Turkey has moved quickly and decisively to create a network of propaganda and influence to make sure that it gets its message across the world. It spends millions of dollars on shaping its image and promoting its causes, with expensive lobbyists providing access to politicians, officials and news media; it funds academic programs and think tanks. Arms purchases are another important part of diplomacy, whether Turkey is leveraging its purchases from others or its sales for maximum political influence. Turkish foreign investments go hand in hand with the cultivation of special ties with people in power and with influence in politics, the economy and society. 

In addition, Turkey makes full use of the opportunities provided by technology. A couple of weeks ago, hackers of the so-called “Turkish Cyber Army” attacked Greek government websites – following many such attacks in recent years. On social media, thousands of fake or compromised accounts – but also of people who have been fired up by their government’s aggressive rhetoric – distribute and amplify whatever the Turkish government wants said. They flood the discussion, overwhelming different views, stifling disagreement with Turkish policy. Twitter and Facebook are trying to check and remove accounts that aim at manipulating the public debate. In June, Twitter “archived” 32,242 accounts connected to state agencies in China, Russia and Turkey (7,400). Recently, Facebook shut down a network of accounts from Pakistan, for the same reason. 
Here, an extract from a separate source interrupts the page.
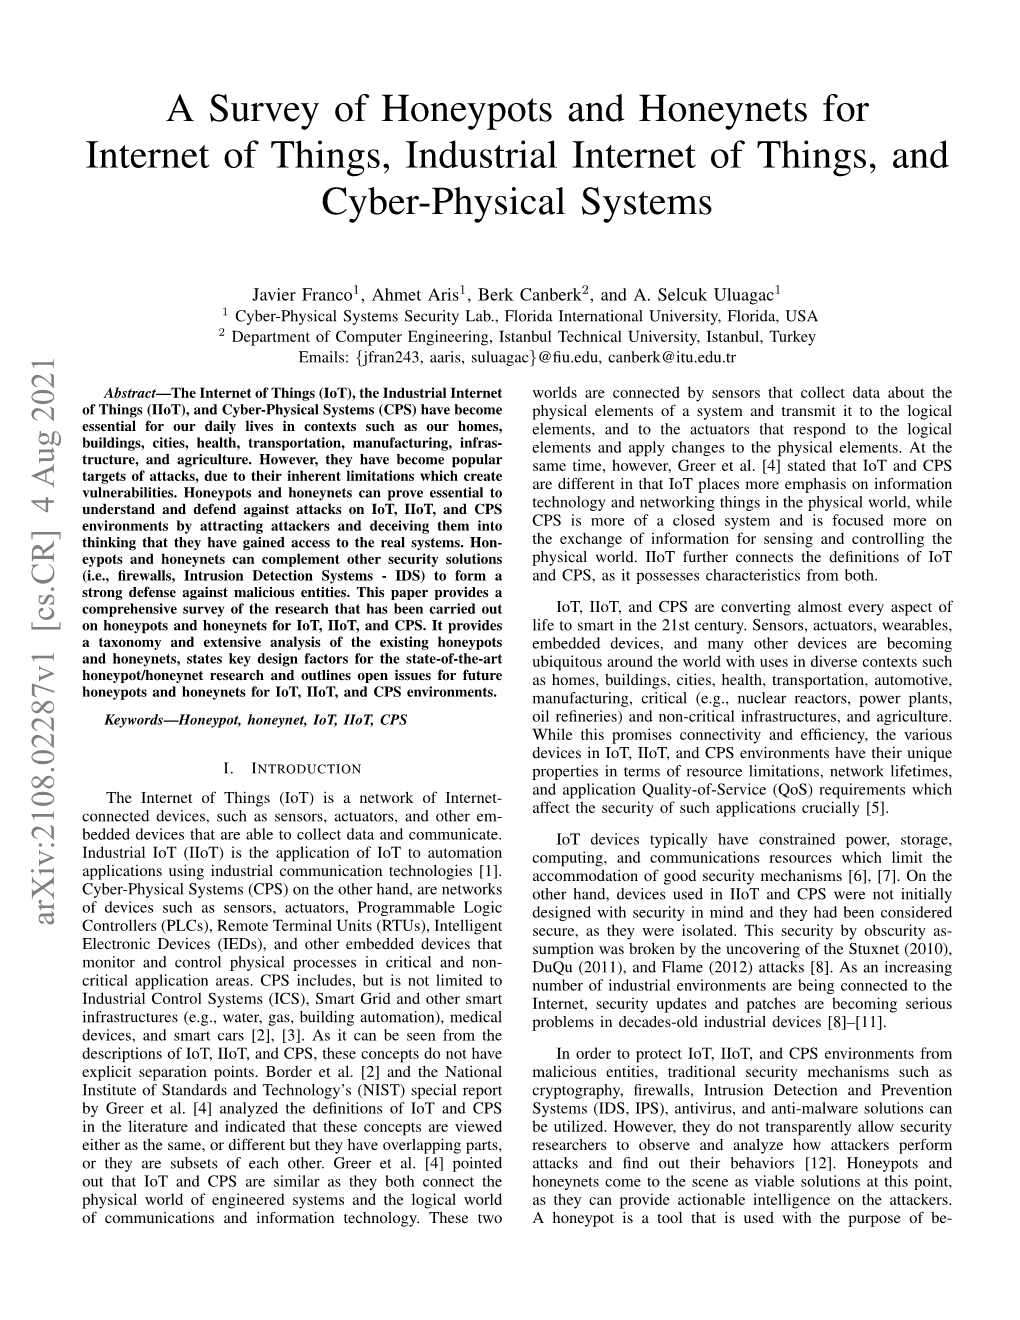 A Survey of Honeypots and Honeynets for Internet of Things, Industrial Internet of Things, and Cyber-Physical Systems

Asked by Kathimerini whether Twitter was monitoring Turkish accounts at this time, a company spokesman replied: “Using technology and human review in concert, we proactively tackle attempts at platform manipulation and mitigate them at scale. As is standard, if we have strong evidence of state-backed information operations, following our thorough investigation, we’ll disclose them to our public archive – the largest of its kind in the industry.” 

The Twitter Rules are posted on its site. Every user can read them and learn when and how to flag suspect accounts. 

At the European Union level, the Commission has set up the European Digital Media Observatory to coordinate the member-states’ national observatories in the fight against disinformation. The initiative, however, is still in its infancy. The Hellenic Observatory against Misinformation (ellpap.gr) is an initiative led by Media Verification team (MeVer) of the Center for Research and Technology (CERTH), the School of Journalism and Mass Communications of the Aristotle University of Thessaloniki, Ellinika Hoaxes and Athens Technology Center’s Innovation Lab. Among its main goals is to inform the public about disinformation and unreliable online content, and to advise journalists on tools and methods for detecting false news and misleading content. The initiative needs support and funding so that it can become widely known, so that it can begin to fulfill its mission while the European Observatory is still being set up. 

This will demand a multidimensional government policy aimed at averting attacks against Greek interests and informing international public opinion. Also, anyone using social media must be made aware of how to spot manipulation and how to respond to it. 

It is worth noting that even as the evidence shows how Turkey has made great efforts to shape the discourse around issues that interest it, its Presidential Communications Directorate has just set up a Department of Strategic Communications and Crisis Management to counter “psychological campaigns, propaganda and misperception operations against Turkey,” the news site Duvar English reported, quoting Turkey’s Government Gazette. Aside from providing another example of the standard Turkish tactic of accusing others of doing what Turkey does, announcing the founding of a presidential department to do what Turkey is already expert at should be considered a warning of what is to come.